--- START ---

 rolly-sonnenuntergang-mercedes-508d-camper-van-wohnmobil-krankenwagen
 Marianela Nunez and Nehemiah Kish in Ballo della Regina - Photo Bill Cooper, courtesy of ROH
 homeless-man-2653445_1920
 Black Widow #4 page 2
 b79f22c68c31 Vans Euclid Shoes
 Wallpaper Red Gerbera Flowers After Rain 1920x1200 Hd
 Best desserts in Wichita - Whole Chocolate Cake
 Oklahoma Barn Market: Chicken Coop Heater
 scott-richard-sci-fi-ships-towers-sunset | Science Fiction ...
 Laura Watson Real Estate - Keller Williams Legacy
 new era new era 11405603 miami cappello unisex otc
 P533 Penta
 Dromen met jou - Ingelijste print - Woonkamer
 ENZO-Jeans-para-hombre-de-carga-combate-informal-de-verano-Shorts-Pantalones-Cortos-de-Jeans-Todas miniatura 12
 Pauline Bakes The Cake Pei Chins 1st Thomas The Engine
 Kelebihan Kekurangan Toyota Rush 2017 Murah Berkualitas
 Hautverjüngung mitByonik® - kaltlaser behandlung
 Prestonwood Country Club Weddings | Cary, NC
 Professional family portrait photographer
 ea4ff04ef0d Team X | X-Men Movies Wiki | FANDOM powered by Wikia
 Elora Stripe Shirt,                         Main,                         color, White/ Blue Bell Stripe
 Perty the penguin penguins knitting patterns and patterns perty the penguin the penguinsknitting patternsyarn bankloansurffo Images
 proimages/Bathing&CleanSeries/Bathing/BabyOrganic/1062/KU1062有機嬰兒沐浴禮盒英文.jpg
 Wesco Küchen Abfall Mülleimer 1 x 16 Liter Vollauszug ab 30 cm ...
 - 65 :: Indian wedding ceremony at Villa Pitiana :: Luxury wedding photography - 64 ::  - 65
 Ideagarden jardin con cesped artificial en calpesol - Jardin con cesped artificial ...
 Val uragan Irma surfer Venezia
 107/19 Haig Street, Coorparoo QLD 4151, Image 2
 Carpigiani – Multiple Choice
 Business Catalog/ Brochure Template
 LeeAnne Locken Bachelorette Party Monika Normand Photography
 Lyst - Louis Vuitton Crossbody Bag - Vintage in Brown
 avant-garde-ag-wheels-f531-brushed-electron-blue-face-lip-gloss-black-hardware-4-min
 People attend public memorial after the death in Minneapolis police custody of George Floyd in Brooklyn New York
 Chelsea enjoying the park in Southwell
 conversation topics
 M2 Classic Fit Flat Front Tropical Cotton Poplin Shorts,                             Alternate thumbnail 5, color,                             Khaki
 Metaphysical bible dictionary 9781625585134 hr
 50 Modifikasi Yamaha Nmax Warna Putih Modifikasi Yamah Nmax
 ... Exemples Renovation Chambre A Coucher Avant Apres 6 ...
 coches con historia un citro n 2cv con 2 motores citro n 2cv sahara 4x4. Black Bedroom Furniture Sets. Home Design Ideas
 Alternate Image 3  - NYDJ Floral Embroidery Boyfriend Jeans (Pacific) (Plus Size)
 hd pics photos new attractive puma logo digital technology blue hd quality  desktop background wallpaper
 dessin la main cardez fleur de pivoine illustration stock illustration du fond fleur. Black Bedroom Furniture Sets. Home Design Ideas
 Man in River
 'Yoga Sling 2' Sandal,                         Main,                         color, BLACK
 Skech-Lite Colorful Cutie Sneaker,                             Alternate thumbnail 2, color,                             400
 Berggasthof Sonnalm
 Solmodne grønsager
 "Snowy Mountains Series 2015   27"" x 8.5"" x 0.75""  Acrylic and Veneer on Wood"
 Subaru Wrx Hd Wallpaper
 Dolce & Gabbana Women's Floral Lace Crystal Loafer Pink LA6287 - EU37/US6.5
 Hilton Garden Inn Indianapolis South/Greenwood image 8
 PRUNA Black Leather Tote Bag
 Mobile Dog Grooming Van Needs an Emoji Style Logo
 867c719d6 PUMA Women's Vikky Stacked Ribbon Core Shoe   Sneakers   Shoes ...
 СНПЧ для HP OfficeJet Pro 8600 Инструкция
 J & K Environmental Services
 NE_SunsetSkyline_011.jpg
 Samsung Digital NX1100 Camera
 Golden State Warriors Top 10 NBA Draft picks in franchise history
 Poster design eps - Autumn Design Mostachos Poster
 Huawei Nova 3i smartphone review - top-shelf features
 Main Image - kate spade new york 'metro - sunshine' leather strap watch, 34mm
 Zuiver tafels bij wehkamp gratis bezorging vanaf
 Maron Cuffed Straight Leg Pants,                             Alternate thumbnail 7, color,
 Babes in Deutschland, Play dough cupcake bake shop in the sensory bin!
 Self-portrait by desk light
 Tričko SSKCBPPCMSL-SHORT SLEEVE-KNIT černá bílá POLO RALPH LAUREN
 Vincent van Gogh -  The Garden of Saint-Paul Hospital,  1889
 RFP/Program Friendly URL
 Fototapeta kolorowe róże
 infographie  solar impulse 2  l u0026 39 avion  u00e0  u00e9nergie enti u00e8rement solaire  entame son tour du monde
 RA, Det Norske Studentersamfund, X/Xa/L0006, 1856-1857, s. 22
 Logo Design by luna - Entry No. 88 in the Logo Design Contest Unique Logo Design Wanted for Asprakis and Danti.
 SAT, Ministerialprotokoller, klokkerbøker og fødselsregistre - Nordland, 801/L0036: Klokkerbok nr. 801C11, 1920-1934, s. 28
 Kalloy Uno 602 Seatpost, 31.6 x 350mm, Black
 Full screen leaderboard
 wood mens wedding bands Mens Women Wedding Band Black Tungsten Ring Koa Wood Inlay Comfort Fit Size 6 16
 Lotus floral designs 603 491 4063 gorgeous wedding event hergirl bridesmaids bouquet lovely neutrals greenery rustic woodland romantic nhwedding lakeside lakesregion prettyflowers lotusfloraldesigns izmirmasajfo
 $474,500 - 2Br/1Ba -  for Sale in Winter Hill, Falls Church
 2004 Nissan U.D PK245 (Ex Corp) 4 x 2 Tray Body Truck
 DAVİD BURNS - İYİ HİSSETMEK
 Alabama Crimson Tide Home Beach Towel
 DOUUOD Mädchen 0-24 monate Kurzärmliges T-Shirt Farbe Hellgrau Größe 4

--- END ---

→ Exercise details: The reply should consist solely of the lines above from the one that has "Main Image - kate" through the one that has "Vincent van Gogh", reproduced exactly.

→ Answer to this exercise:
 Main Image - kate spade new york 'metro - sunshine' leather strap watch, 34mm
 Zuiver tafels bij wehkamp gratis bezorging vanaf
 Maron Cuffed Straight Leg Pants,                             Alternate thumbnail 7, color,
 Babes in Deutschland, Play dough cupcake bake shop in the sensory bin!
 Self-portrait by desk light
 Tričko SSKCBPPCMSL-SHORT SLEEVE-KNIT černá bílá POLO RALPH LAUREN
 Vincent van Gogh -  The Garden of Saint-Paul Hospital,  1889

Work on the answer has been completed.